Ryan Burch is a young surfer/shaper from San Diego, California. His recent exploits on a closed-cell foam board based on Lindsay Lord’s planing hulls has brought him a lot of attention. His shaping has also been recognized too, having won the Young Guns of Shaping contest at Sacred Craft. We chatted with Ryan to learn more.

What was your life like growing up?
I grew up in Encinitas, and was your typical Southern California grom. I did well in school, so when the schoolwork was done, I got to go surf or skateboard or do whatever it was that I was into at the time.

When did you get your first surfboard?
I got my first surfboard when I was eight years old. It was a 7’0″ mini longboard with some nose rocker so I didn’t pearl every wave. It was made custom for me by my dad’s friend, Chris Slick.

What was the feeling you had when you first stood up on a surfboard?
I don’t remember the first time I caught a whitewater wave, but the first time I stood up on the face of a wave was in Mexico when I was about nine. I remember how fast I was going and how the water was clear underneath me, but more than that I remember thinking to myself, “Tonight when we go to dinner and my dad and his friends are telling surf stories around the table, I will have something to say.” I felt really manly after that wave.

Who did you look up to and admire when you were a young man?
When I was just starting to surf, I looked up to my dad and my brother because they were always the best surfers in the water, as far as I could see. As a kid, I sort of just agreed with what my dad thought was good. We had Five Summer Stories and I watched that a lot. Those guys were the surf stars in my eyes. Then I remember I was in a surf shop trying on wetsuits and I saw Loose Change on the screen and it shocked me. It was Bruce Irons’s part and I remember being blown away by everything that he was doing. Imagine only seeing the 70’s (surf films), and then all of a sudden you see some guy doing six foot air reverses.

Where did your interest in DIY (do-it-yourself) boards come from?
I first got into making my own boards when I wanted to longboard. I borrowed a board from a friend, but wanted to get my own and figured the most cost effective way to get one would be to make it myself. A good friend of mine, Chris Cravey, made all his own boards and he showed me what was up. Seeing him killing it on the boards inspired me to try to make a longboard that I could have fun on at Cardiff in the summer.

Who or what inspires you?
I’m so easily inspired. I think as far as surfing goes, this is one of the most inspiring times to be a surfer. There are a lot of open-minded surfers in the water doing some insane stuff; the new generation of surfers are pushing the limits. Style inspires me. The people I surf with on a regular basis inspire me, and the history is also inspiring. Craftsmanship is extremely inspiring to me as well—to see something that’s handmade that has years of dedication and hard work behind it is motivating. and dedication in general is really inspiring to me.

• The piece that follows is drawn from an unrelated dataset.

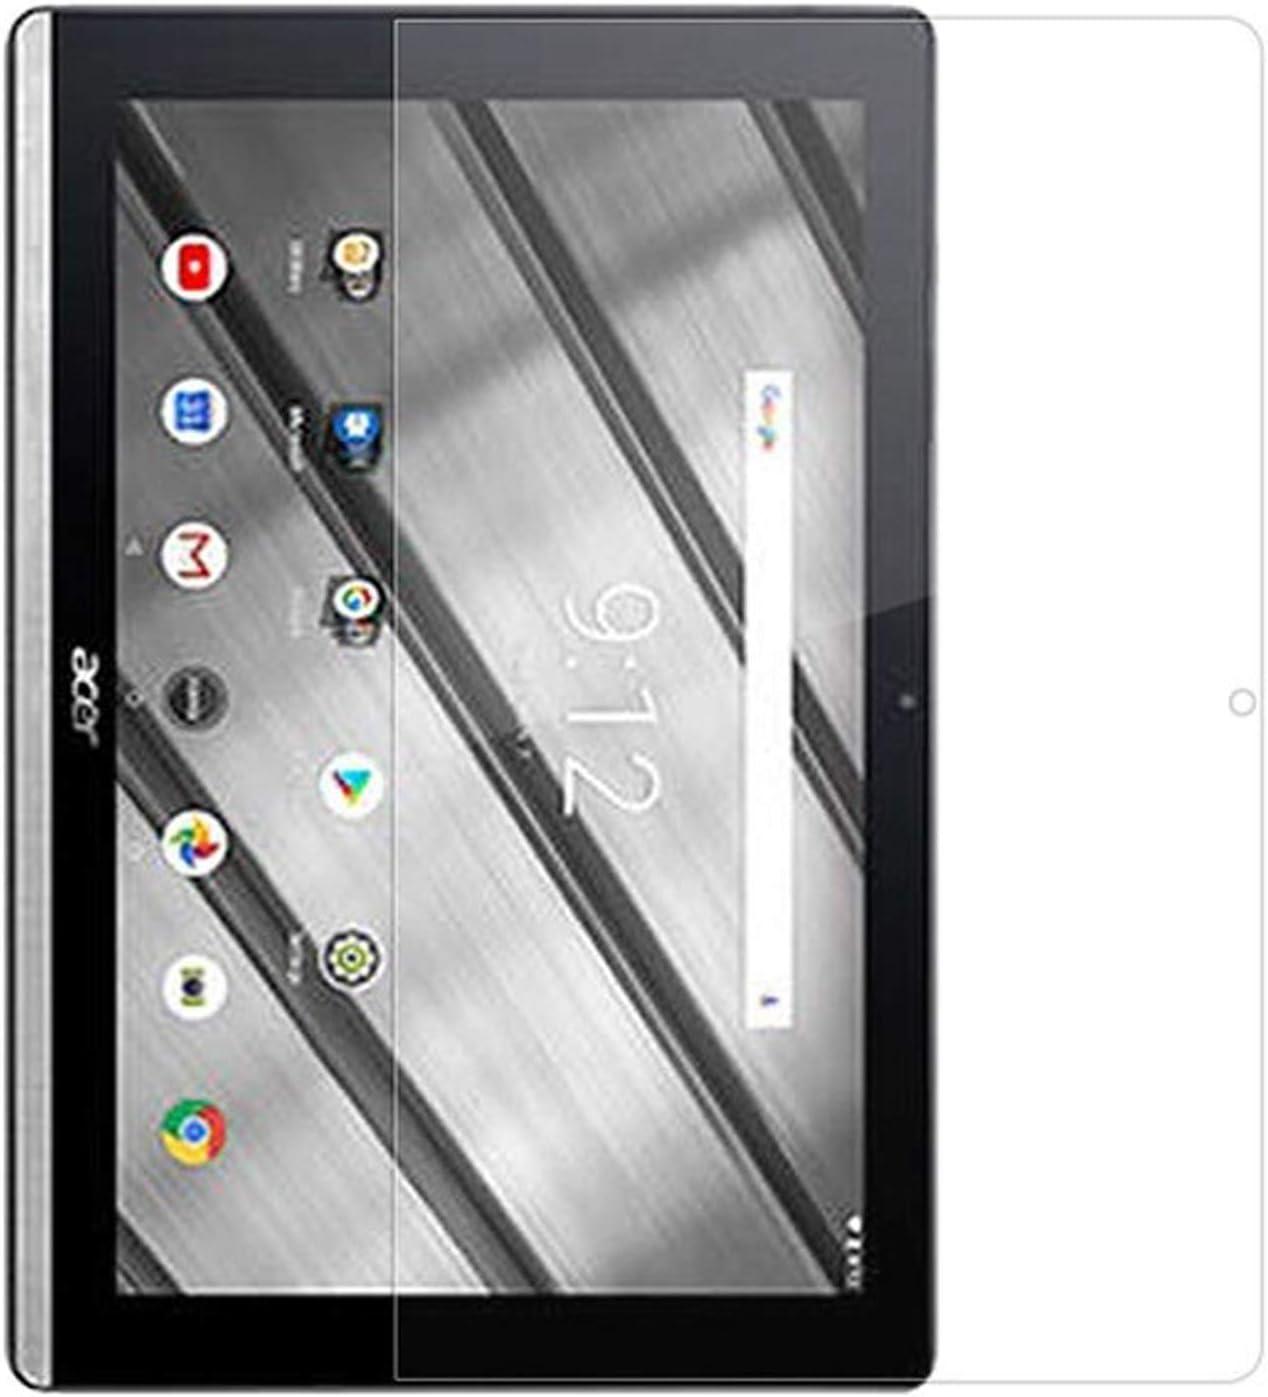 2X Anti-Glare Screen Protector Film for Acer Iconia One B3-A50 10 Inch Screen Guard Anti-Scratch Anti-Fingerprint
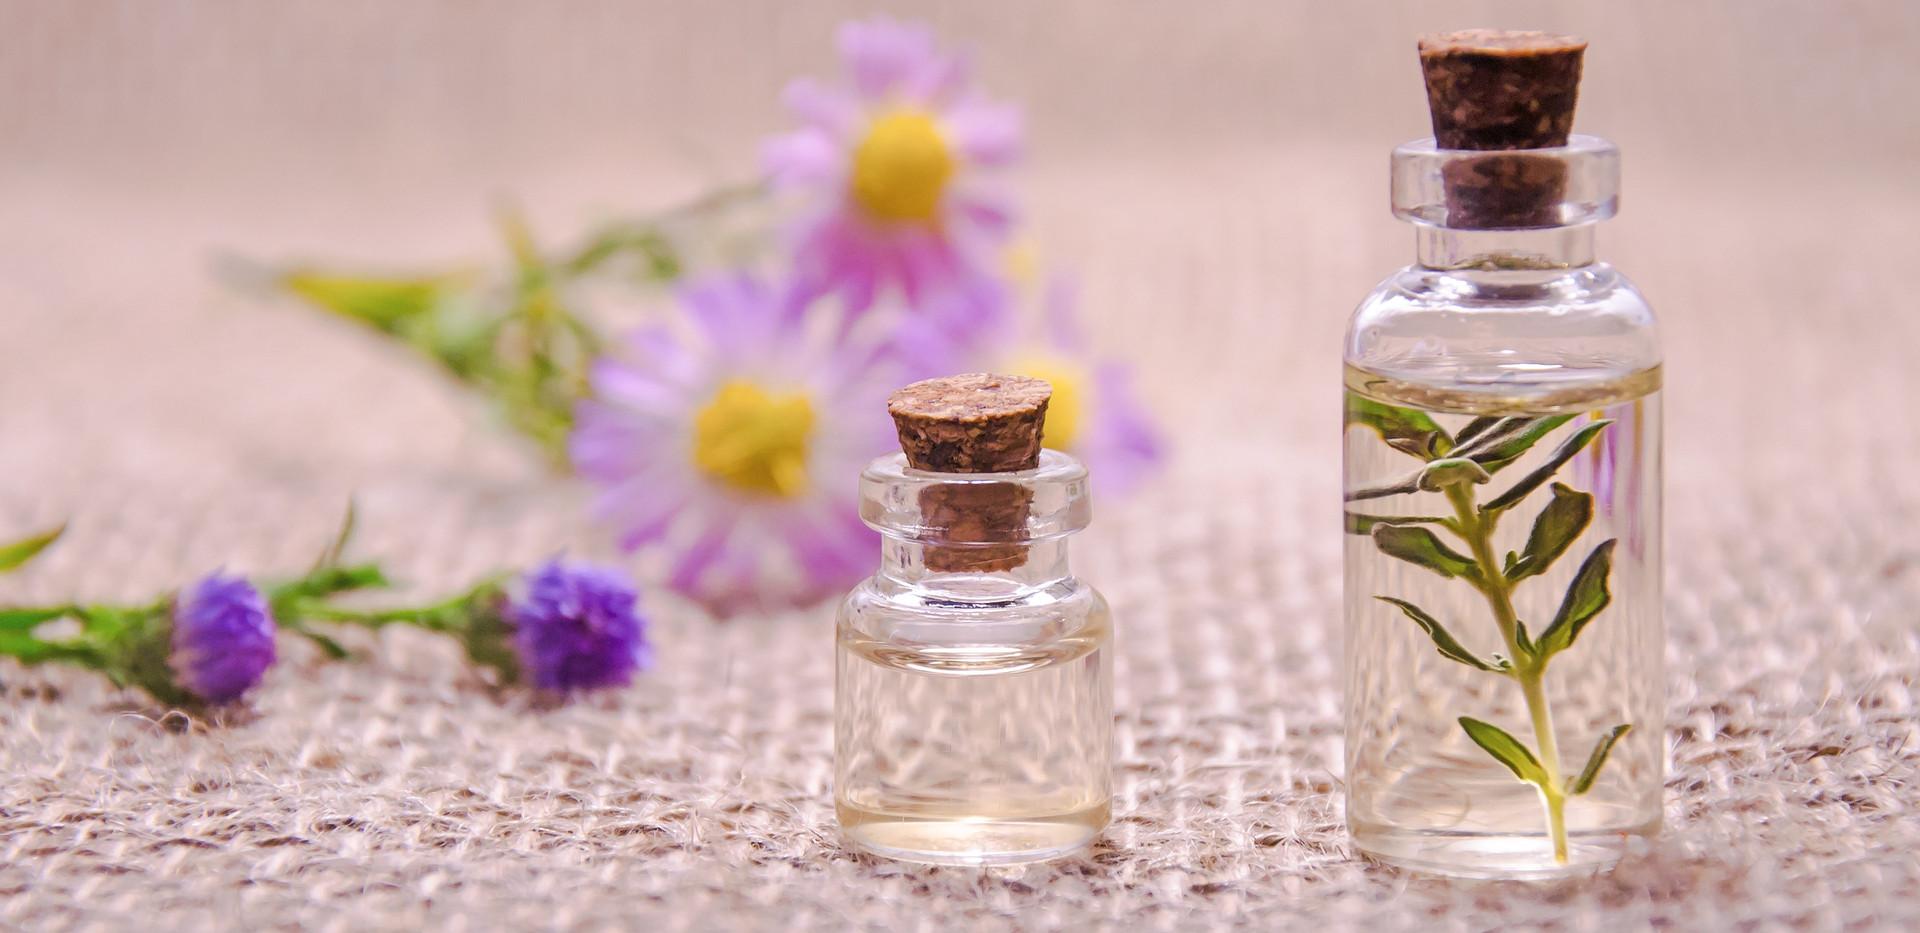 essential-oils-3084952.jpg

What is the greatest thing you have learned in your life?
Thus far, the greatest thing I have learned in life is that I have a lot to learn. The most important piece of advice I was ever given was to listen more than I speak.

What are you most proud of?
A good glass job.

Of all the places you have traveled to, what place in particular stands out and why?
Home—because as much as I am excited to go somewhere, I’m ten times more excited to come home.

What meaning does surfing hold for you and how has it changed your life?
Surfing is everything for me. It has totally taken control of the way I live my life, and it’s what I want to devote my time to.

What brings you the most happiness in the world?
Success.

Who are some of the people you feel are shaping the path for surfing today?
Filmmakers, bloggers and internet site folks—and your local rippers who inspire the next generation.

What is your current favorite board? Your favorite surf spot?
My favorite board is this piece of foam that is the middle portion of an INT softboard core. No glass. No fins. No stringer. It is always fun. It is one of the raddest feeling boards to ride because it is so different, and has so many different variables and things you have to do to ride the board. I can’t take myself too seriously on it, so I always have a good time. My favorite surf spot is Cardiff Reef.

What’s your favorite meal?
Three slices of spicy chicken pizza and a Mountain Dew from East Coast Pizza in Cardiff.

What are you currently listening to on your iPod?
My iPod just broke, but the last song I listened to on it was Steve Nicks’ “Landslide”.

What are you most grateful for?
How much time I have to do what I love.

What’s next for Ryan Burch?
I can’t wait to find out.

Photography of Ryan Burch by Kevin Roche.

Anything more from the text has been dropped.